Koopman-based surrogate modeling for reinforcement-learning-control of Rayleigh-Benard convection
Tim Plotzki, Sebastian Peitz

TL;DR
This paper explores using Koopman-based surrogate models, specifically LRANs, to accelerate reinforcement learning control of Rayleigh-Benard convection, reducing computational costs and improving training efficiency.
Contribution
It introduces a policy-aware surrogate training method that mitigates distribution shift, enhancing RL control performance with significant computational savings.
Findings
Surrogate-only training reduces control performance.
Policy-aware training improves prediction accuracy in relevant regions.

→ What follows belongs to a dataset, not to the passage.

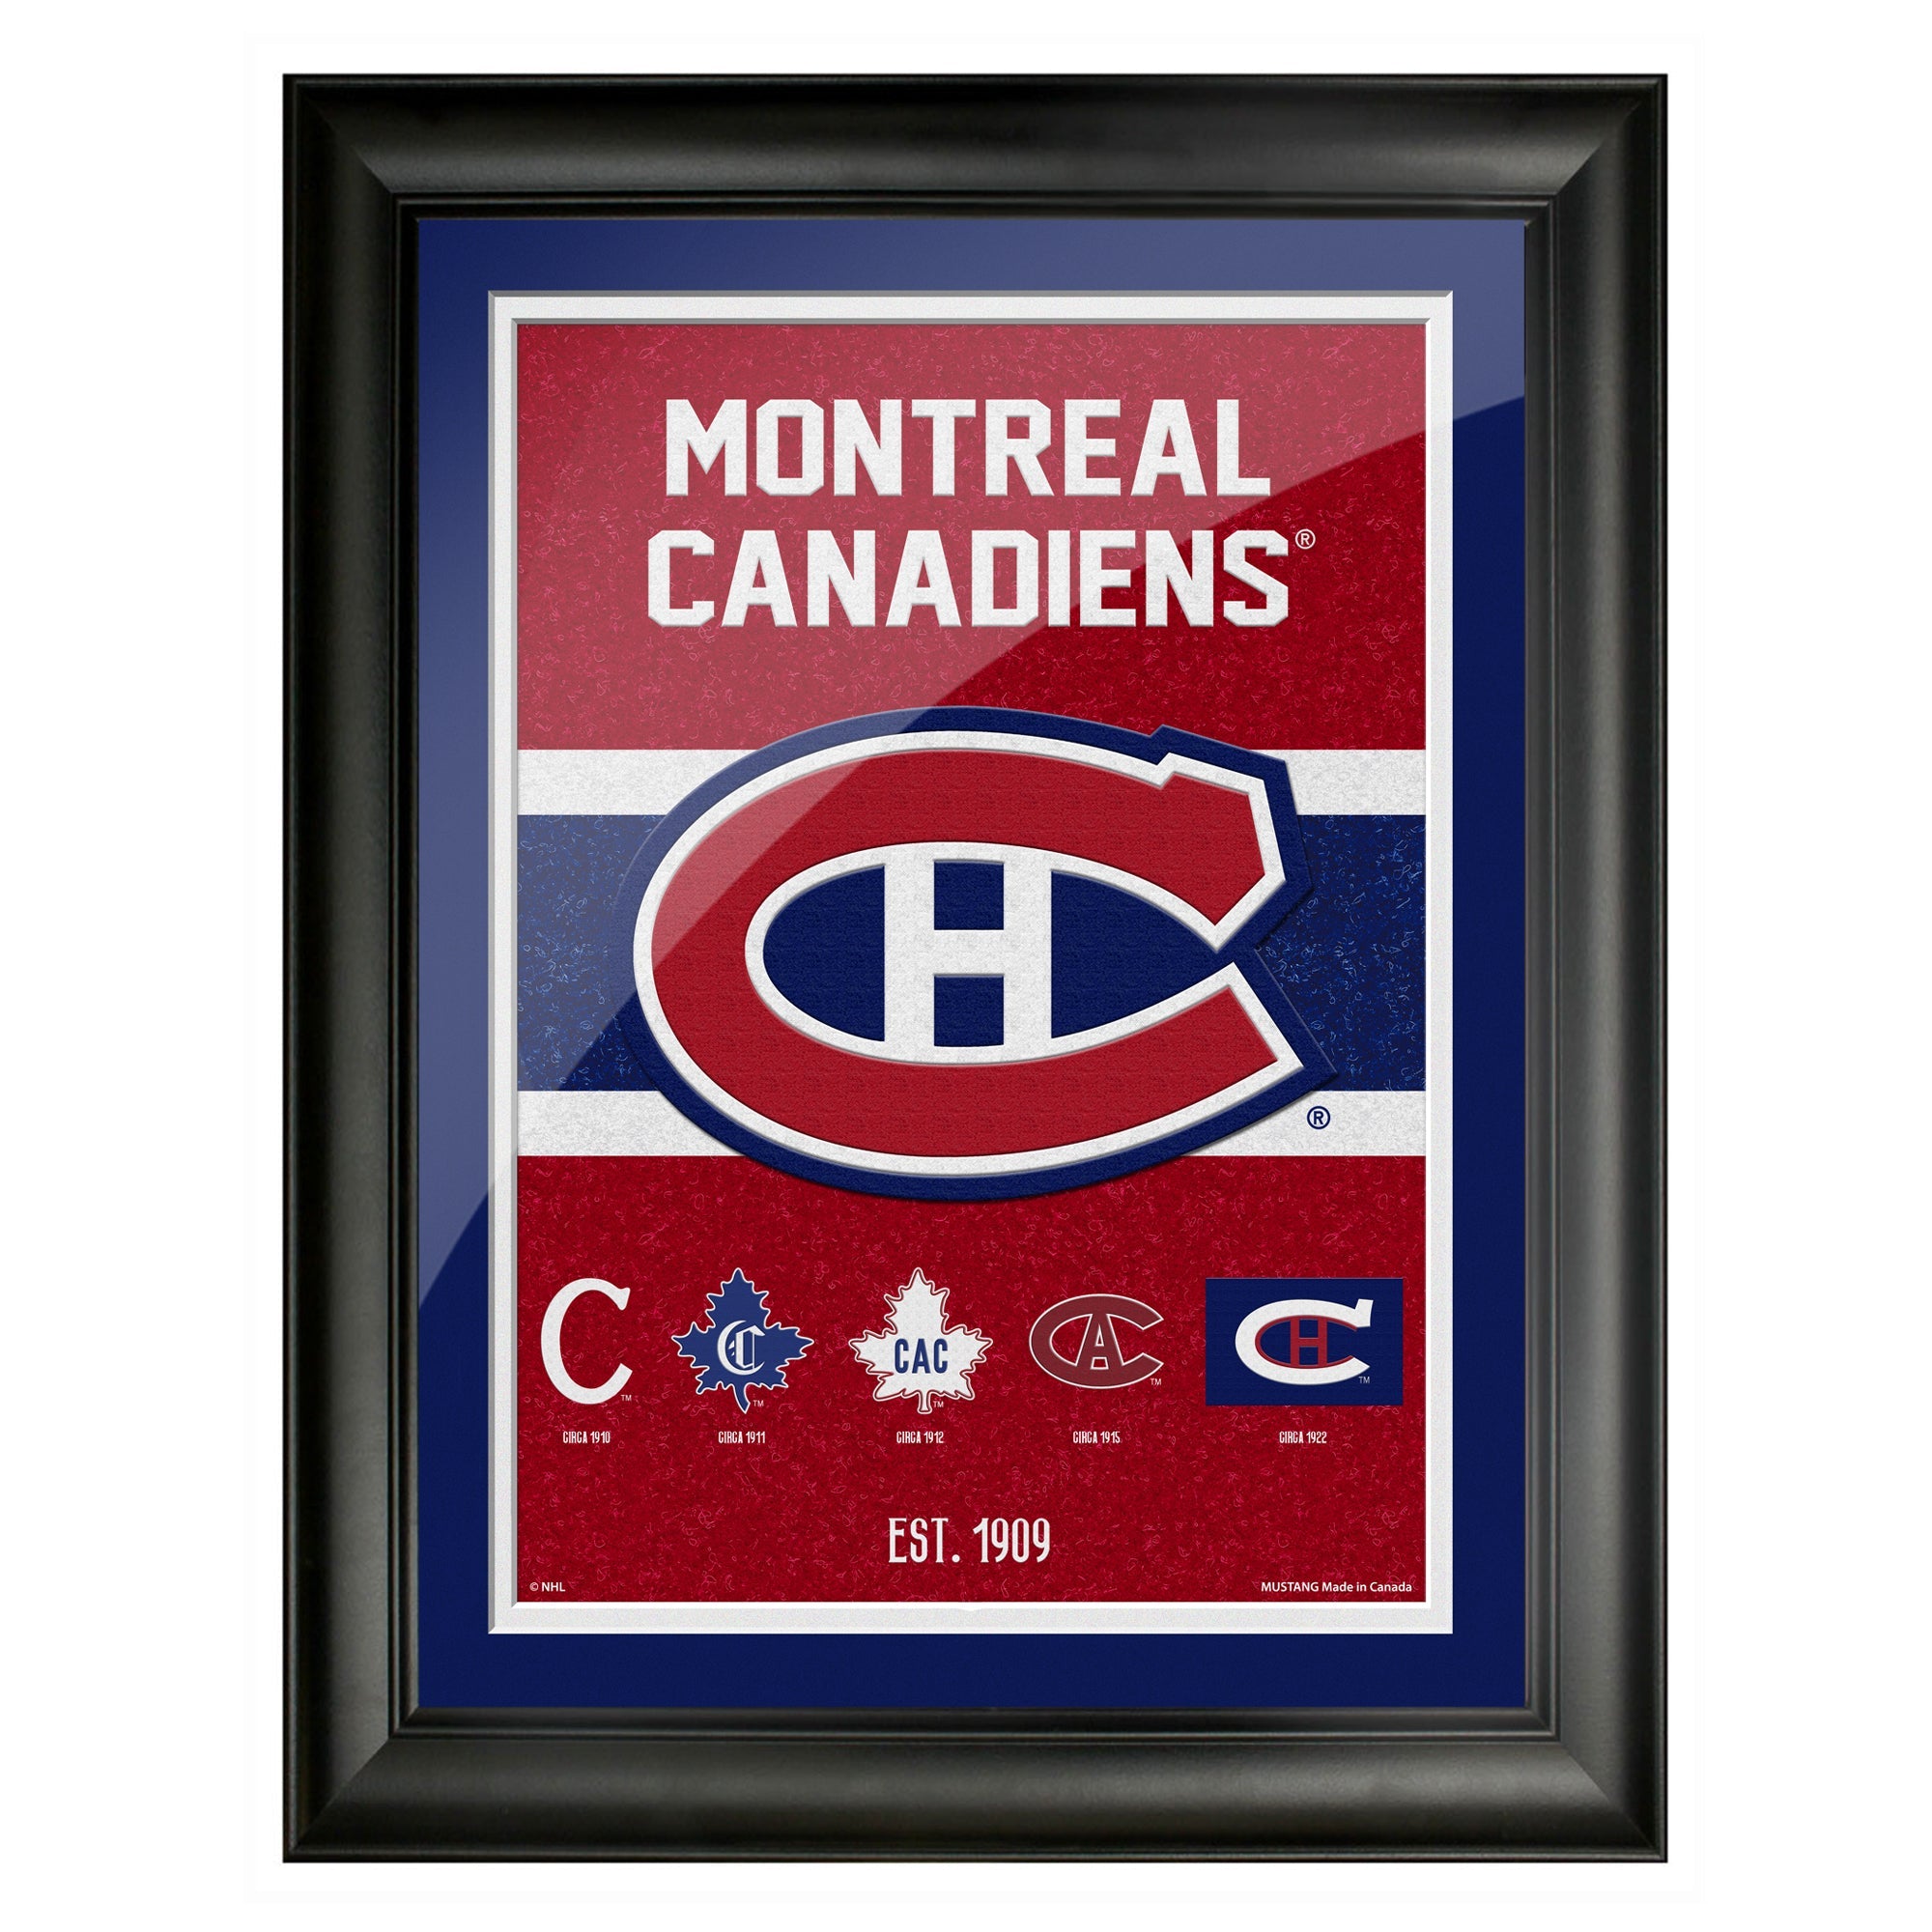 Montreal Canadiens 12x16 Team Tradition Framed Artwork

Pretraining with surrogates and DNS achieves state-of-the-art results with 40% less training time.
Abstract
Training reinforcement learning (RL) agents to control fluid dynamics systems is computationally expensive due to the high cost of direct numerical simulations (DNS) of the governing equations. Surrogate models offer a promising alternative by approximating the dynamics at a fraction of the computational cost, but their feasibility as training environments for RL is limited by distribution shifts, as policies induce state distributions not covered by the surrogate training data. In this work, we investigate the use of Linear Recurrent Autoencoder Networks (LRANs) for accelerating RL-based control of 2D Rayleigh-B\'enard convection. We evaluate two training strategies: a surrogate trained on precomputed data generated with random actions, and a policy-aware surrogate trained iteratively using data collected from an evolving policy. Our results show that while surrogate-only training…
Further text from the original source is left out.